This implies that either of them would be efficient for deployment. Now based on the needs of the problem, we can now decide on either of the models. If you have needs for a model-based learning algorithm, you can choose the KNN or the Logistic Regression for instance-based learning.
After cross-validating the dataset we can now conclude that the best performing models are the Logistic Regression and the K-Nearest Neighbor models which both had an accuracy of 97.33%.
Performing cross-validation experiments like this on a large dataset would be very expensive computational-wise.
Now that we’ve figured out how to address the smaller datasets, how do we address larger ones?
How do we define a large dataset?
What do I mean by a large dataset? A dataset of about 10,000 rows upwards is large, while datasets within the range of say 2,000 to 10,000 are reasonably medium. Of course, this metric isn’t the best.
If you try processing a large dataset naively it will take longer processing time and exhaust computing power. This is a more precise metric.
After determining your dataset is large. what are the steps for selecting a model for the dataset then?

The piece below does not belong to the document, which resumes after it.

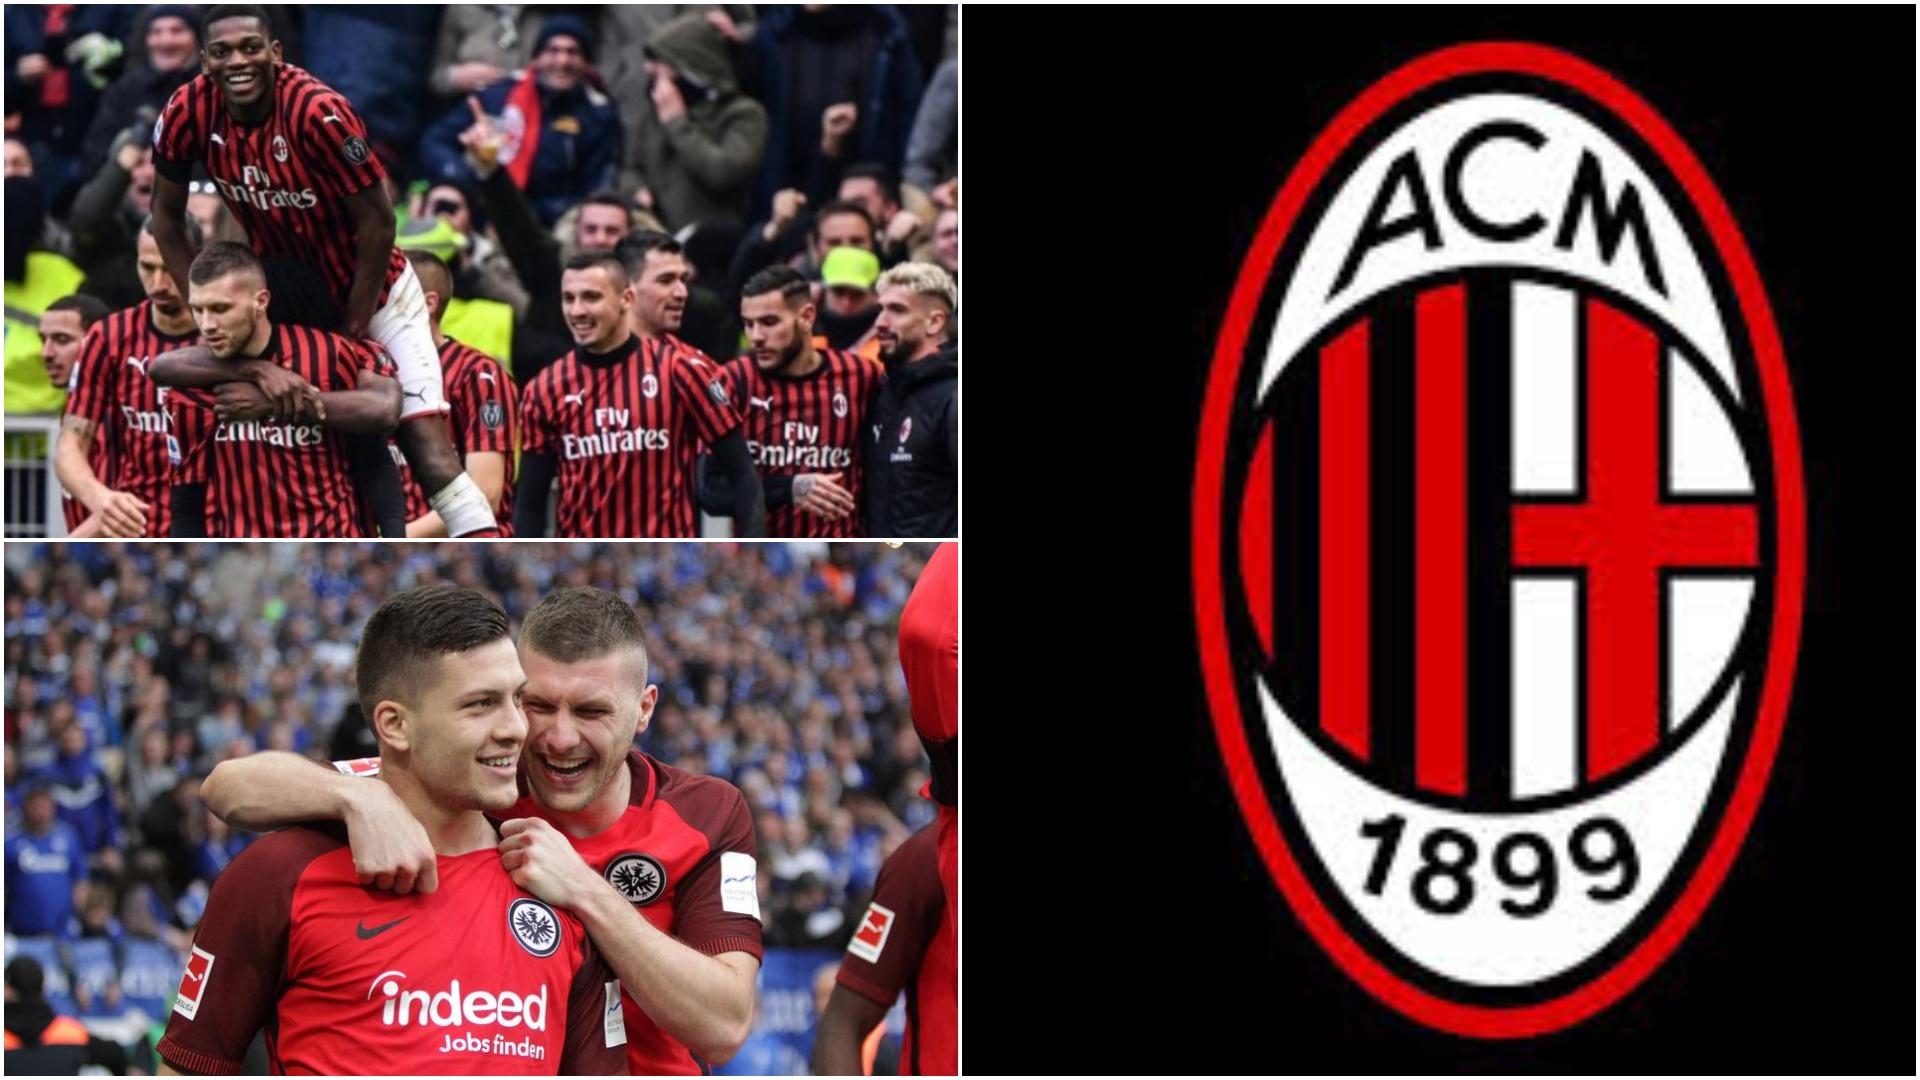 Gëzim kuqezi: Jovic pranon kalimin te Milani, dy shkaqet e përgjigjes pozitive

Well, unlike with smaller datasets, we can’t process this dataset naively. Thus, we have to split it. This is where reducing the dataset to three (3) set for training and evaluation comes to play.
Before we proceed though, let’s list the steps required to select a model for larger datasets:
- Transform Categorical Columns to Numeric (If any)
- Scale Continuous Columns (if necessary)
- Split the Dataset
- Elect Candidate Model
- Perform Model Evaluation
- Model Selection
You can proceed with these steps if you have a cleaned dataset. The House Prices — Advanced Regression Techniques dataset would be utilized for tutorial purposes as we analyze the steps involved in selecting models for larger datasets.
The House Prices dataset isn’t so large a dataset itself but should explain the concept behind our steps nicely.
The notebook compiling the codes for the dataset and the work we did can be found on my Kaggle page.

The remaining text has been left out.